Whither security?

Today, I was given the login to my employer’s online portal where I can access my pay details and apply for leave, etc. It’s a SAP based system and I believe the same system serves all other research institutes under the parent organization.

The login details were given to me personally by the HR officer in a sealed envelope and she made it a point to ask me to change my password immediately after the first login. This account information comes directly from the SAP systems’ admin, I understand; it was unseen by anyone in between and the sealed envelope I opened was proof positive of that.

Pretty secure procedures I would say. All that was missing was a ‘CLASSIFIED’ stamp on the envelope. But here comes the kicker (there always is, isn’t it? ;-)…

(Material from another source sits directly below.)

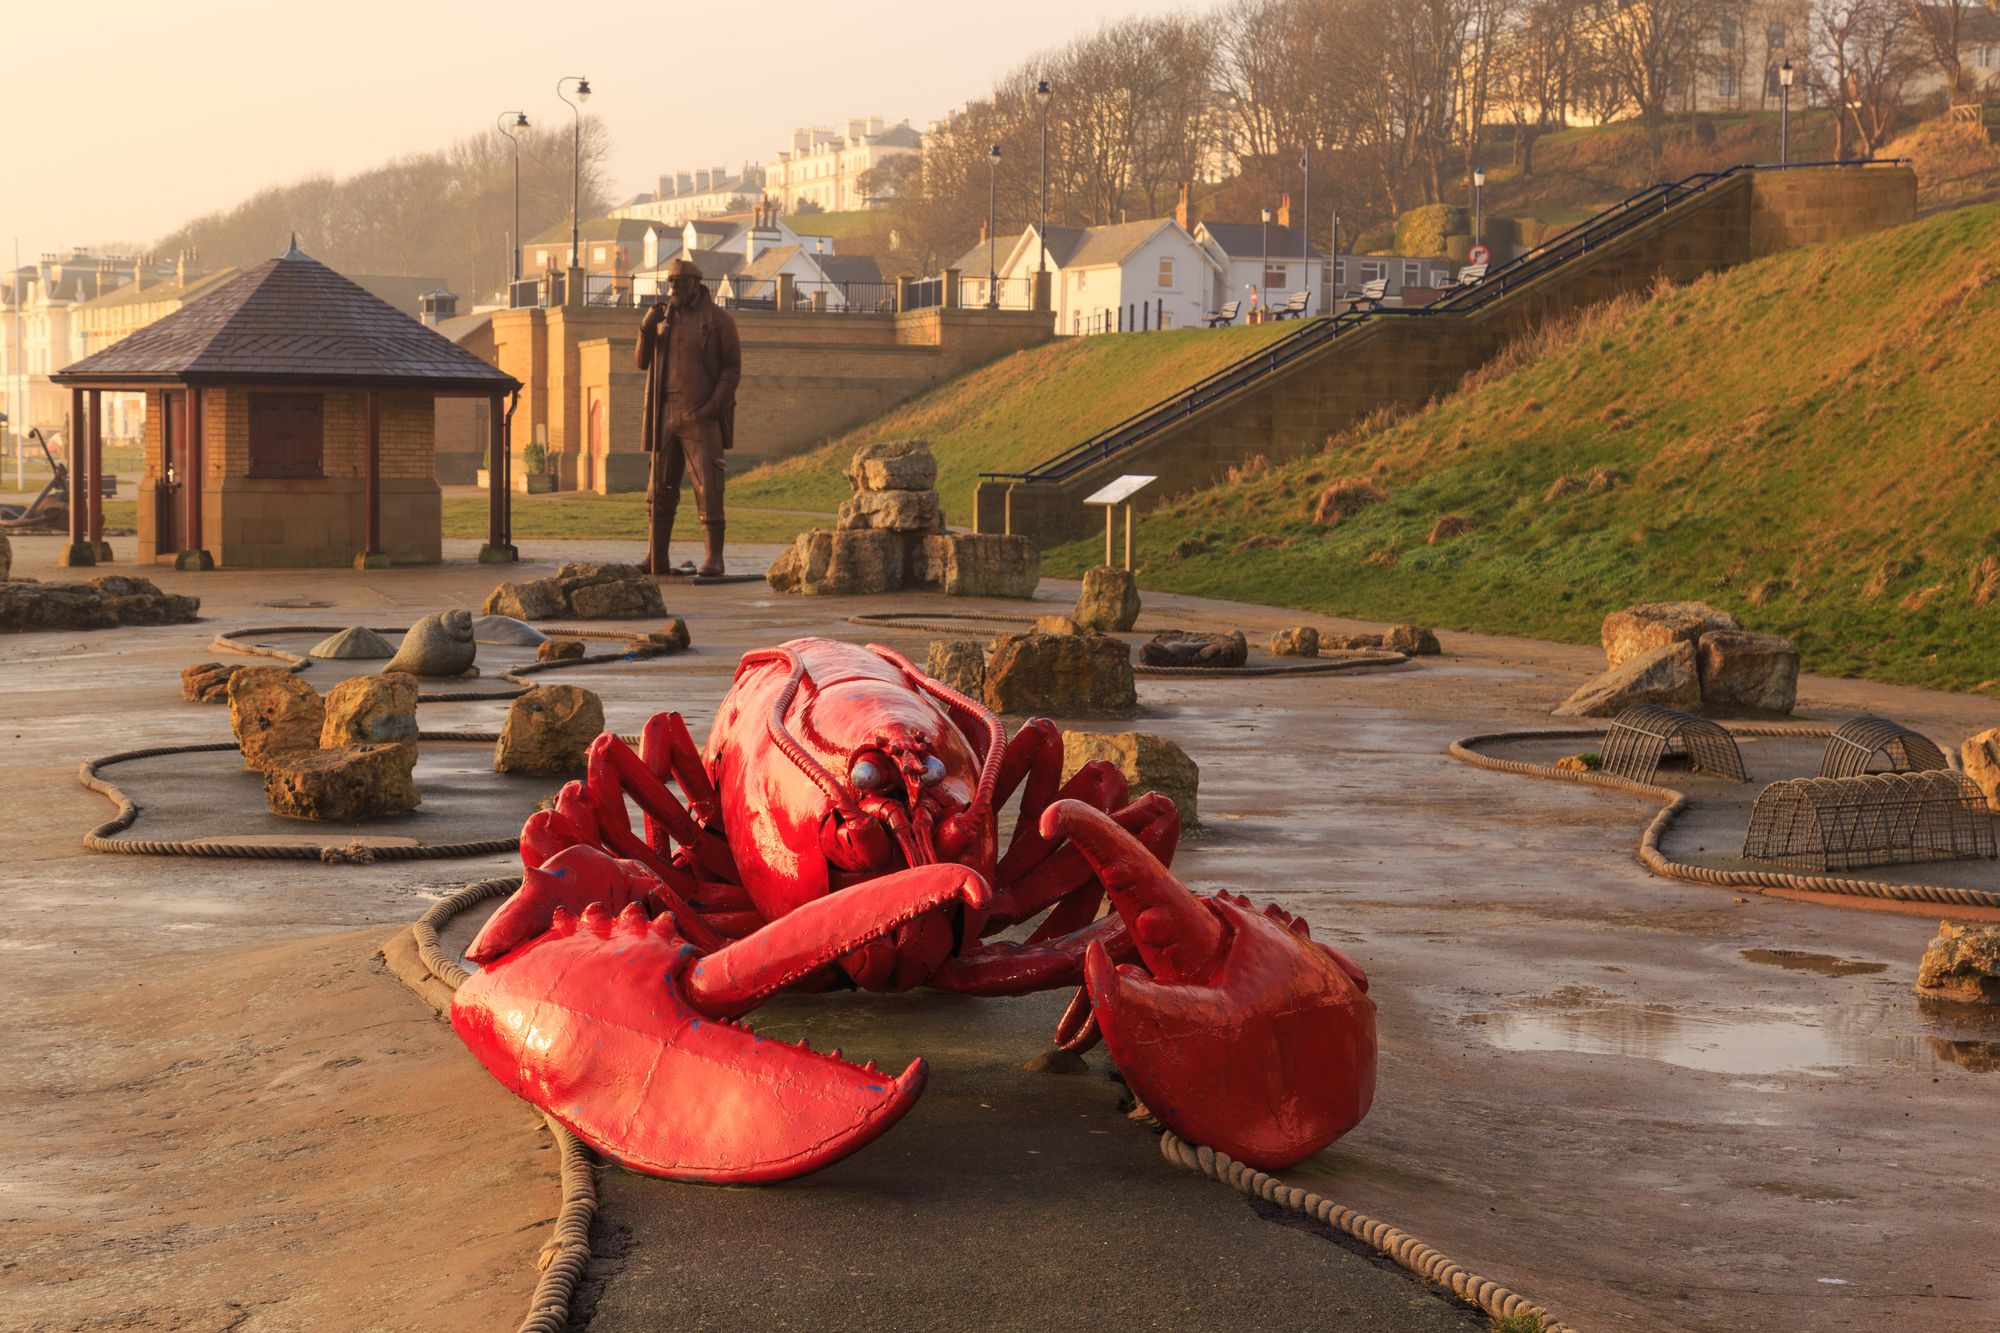 Large lobster sculpture on the mini golf course on the coast of Filey beach
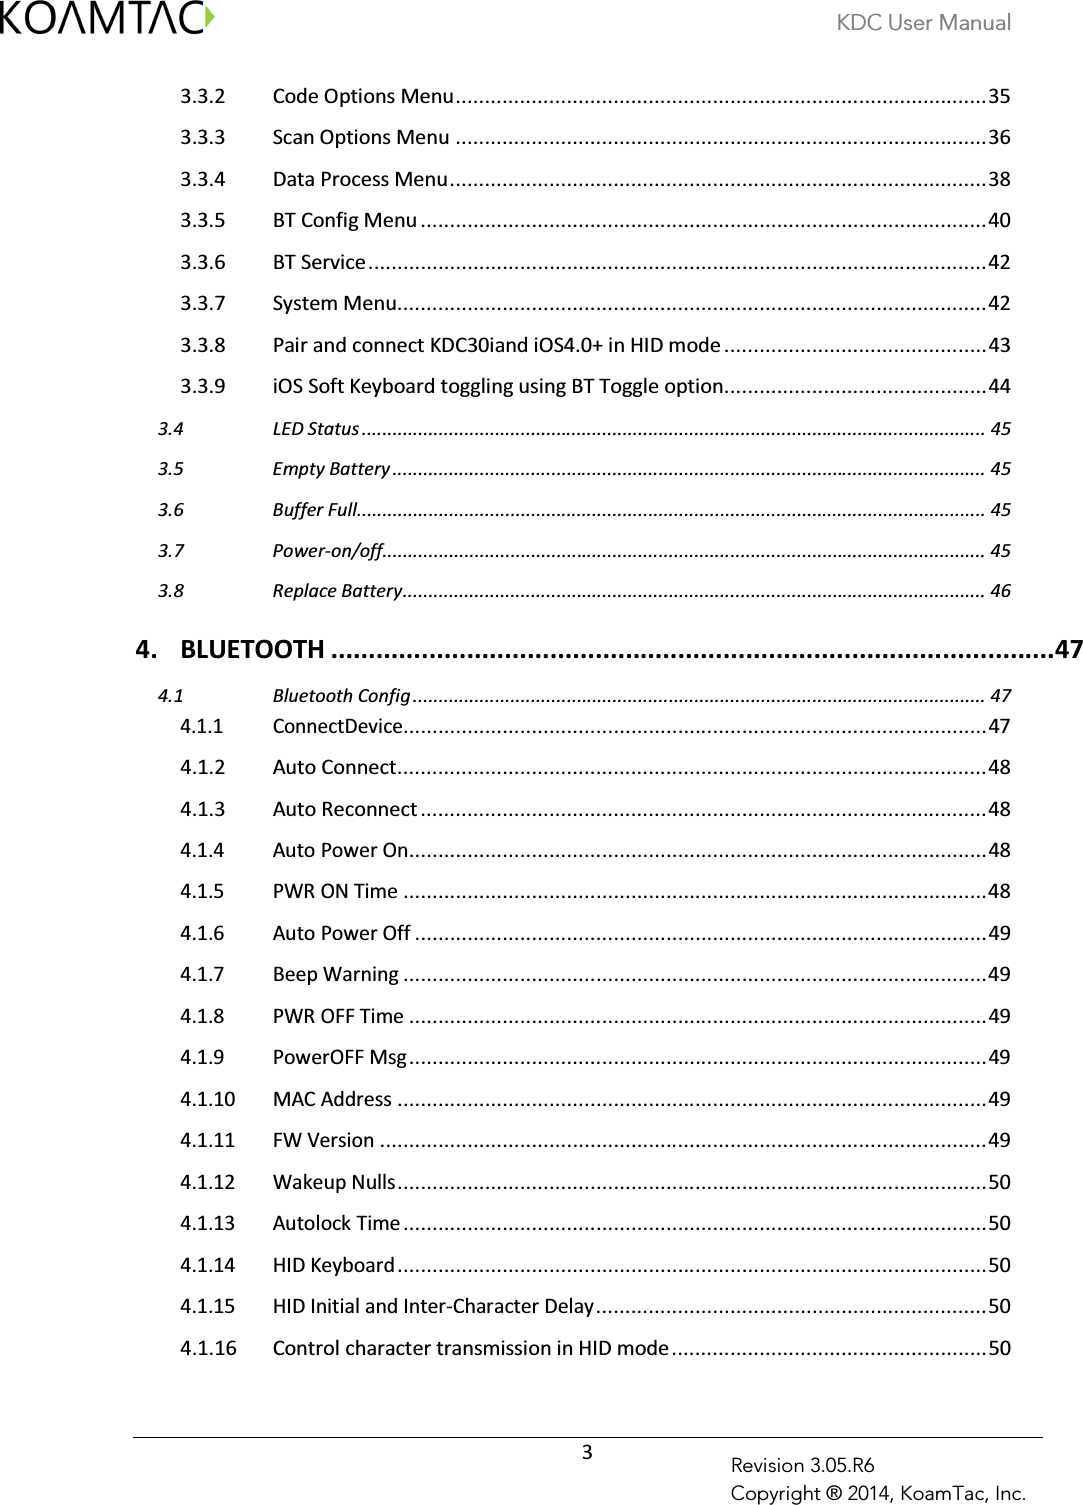 KDC User Manual  3 Revision 3.05.R6 Copyright ® 2014, KoamTac, Inc. 3.3.2 Code Options Menu ........................................................................................... 35 3.3.3 Scan Options Menu ........................................................................................... 36 3.3.4 Data Process Menu ............................................................................................ 38 3.3.5 BT Config Menu ................................................................................................. 40 3.3.6 BT Service .......................................................................................................... 42 3.3.7 System Menu ..................................................................................................... 42 3.3.8 Pair and connect KDC30iand iOS4.0+ in HID mode ............................................. 43 3.3.9 iOS Soft Keyboard toggling using BT Toggle option ............................................. 44  LED Status .......................................................................................................................... 45 3.4 Empty Battery .................................................................................................................... 45 3.5 Buffer Full........................................................................................................................... 45 3.6 Power-on/off...................................................................................................................... 45 3.7 Replace Battery .................................................................................................................. 46 3.84. BLUETOOTH ................................................................................................ 47  Bluetooth Config ................................................................................................................ 47 4.14.1.1 ConnectDevice.................................................................................................... 47 4.1.2 Auto Connect ..................................................................................................... 48 4.1.3 Auto Reconnect ................................................................................................. 48 4.1.4 Auto Power On ................................................................................................... 48 4.1.5 PWR ON Time .................................................................................................... 48 4.1.6 Auto Power Off .................................................................................................. 49 4.1.7 Beep Warning .................................................................................................... 49 4.1.8 PWR OFF Time ................................................................................................... 49 4.1.9 PowerOFF Msg ................................................................................................... 49 4.1.10 MAC Address ..................................................................................................... 49 4.1.11 FW Version ........................................................................................................ 49 4.1.12 Wakeup Nulls ..................................................................................................... 50 4.1.13 Autolock Time .................................................................................................... 50 4.1.14 HID Keyboard ..................................................................................................... 50 4.1.15 HID Initial and Inter-Character Delay ................................................................... 50 4.1.16 Control character transmission in HID mode ...................................................... 50

The site where I am to logon to the portal runs on plain HTTP!! With all that show of privacy and secrecy and what not, you would expect, nay, assume the site to implement SSL. But no! Plain HTTP it is!

We can’t trust our HR people with employee passwords but if someone with a packet sniffer wants to hijack your password while you login, well more power to him!

Anyway, on to other stuff. Boss is out of town since yesterday and with nothing to do having finished what he asked me to do, I started coding more in Python. Finished writing a small image viewer program. It’s just about 150 lines of code!

There have been more rumblings about a Google branded browser. Jason Kottke writes that Google has been hiring ex-IE engineers (shudder ;-)) and working with Mozilla. Perhaps the most damning piece of evidence (in the tabloid sense) is that they’ve registered the domain gbrowser.com How much more convincing do you need?!

In sort of related news, did anyone notice the new changes in Gmail? The Spam folder finally shows the number of new spam messages. This notification is needed to remind me to look into it from time to time in case a valid email got misclassified as spam. The ads have changed position too. They are now after the message (or conversation) at the bottom, instead of at the side. This helps prevent breaking of some HTML formatted emails (the ad used to overlay such mails) but I am not sure what kind of ‘attention’ these ads will get, tucked away at the bottom like that.